When applications are sensitive to database access latency or require high throughput from the databases, migrating the application tier to Microsoft Azure while leaving Oracle databases on-premises isn’t a viable option, or vice-versa. You can read more about the commencement of the partnership in the Oracle and Microsoft Strategic Partnership FAQ.

As the partnership has grown and widened, several options for deploying Oracle Database services that take advantage of the interconnected infrastructure has developed. As more deployment options have been introduced, what the tradeoffs between the different solutions, in what order they came to be, and which ones are best served for your current- or future-state architecture needs aren’t always clear. So, let’s walk through the different options for deploying managed Oracle Database services that are interconnected with Microsoft Azure data centers.

Before going through these multicloud offerings, understanding the core portfolio of managed Oracle Database services currently offered on OCI is helpful. You can find the service on OCI Database.

Available services

The main tradeoffs between the services are throughput, latency, where the servers for the service physically reside, how billing and support are handled, and which UI console the administrator uses.

The first development introduced as part of the Azure-OCI partnership is OCI-Azure Interconnect. By connecting Oracle FastConnect and Azure ExpressRoute, customers can seamlessly build a private network interconnection between their OCI and Microsoft Azure environments. Now, you can get a low-latency (<2ms round trip), high-throughput, private connection between two leading cloud providers, allowing you to use the best of OCI and Microsoft Azure services with seamless interoperability and no service limitations.

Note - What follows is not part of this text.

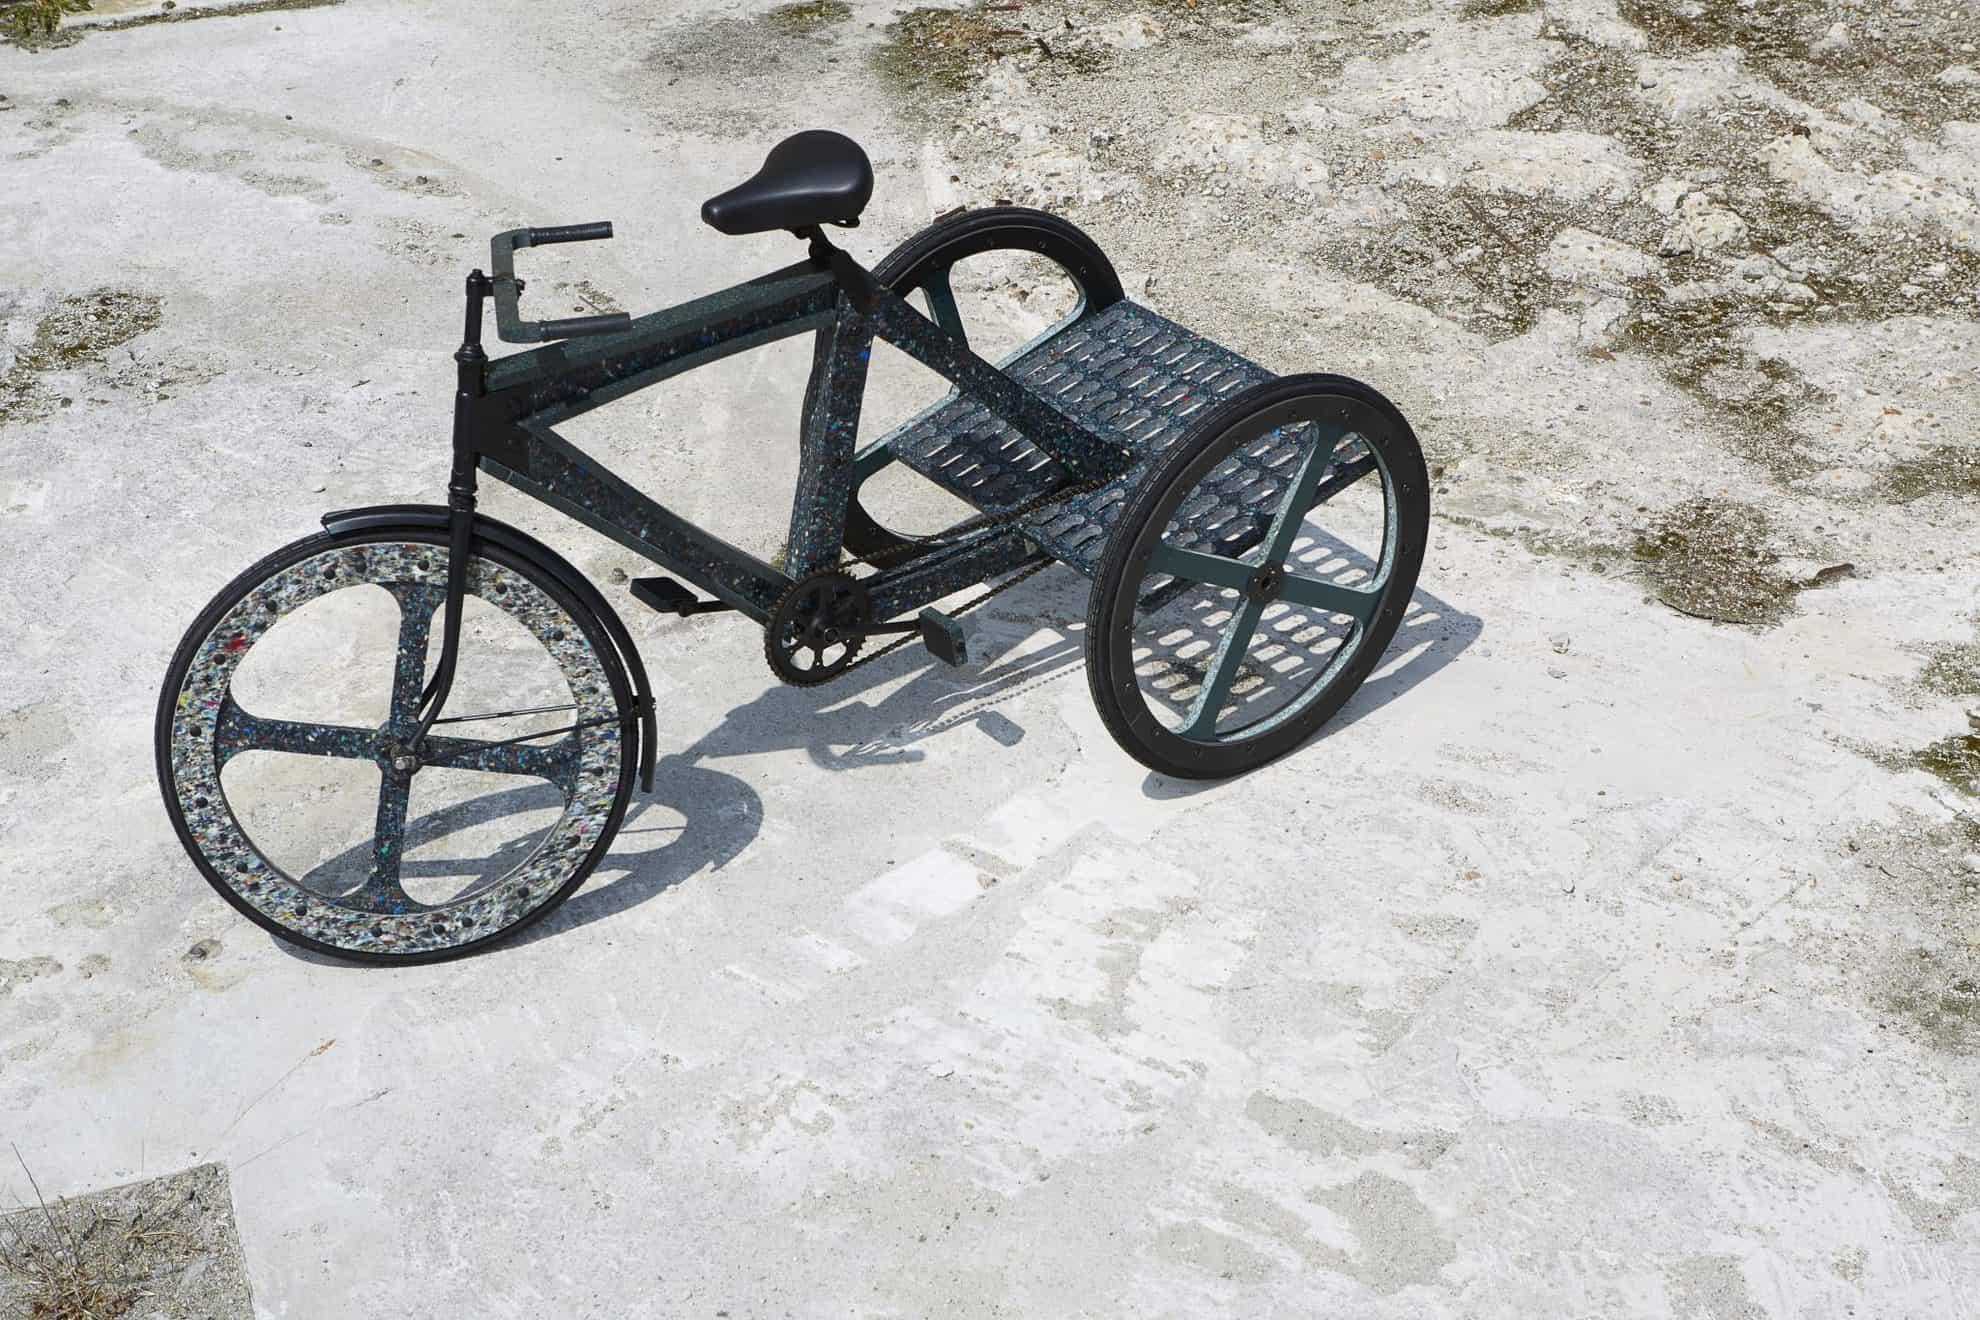 จักรยานสามล้อจากพลาสติกรีไซเคิล ต้นทุนต่ำ ผลิตได้เองด้วยอุปกรณ์ง่ายๆ

The interconnect also enables joint customers to take advantage of a unified identity and access management platform that leads to cost savings. Cloud engineers can set up single sign-on (SSO) between Microsoft Azure and OCI for their Oracle applications, such as PeopleSoft, JD Edwards EnterpriseOne, and E-Business Suite. Having a federated SSO makes the integration seamless and lets users authenticate only once to access multiple applications, without signing in separately to access each application.

Pricing is based solely on port configurations for OCI FastConnect and Azure ExpressRoute Local Circuit.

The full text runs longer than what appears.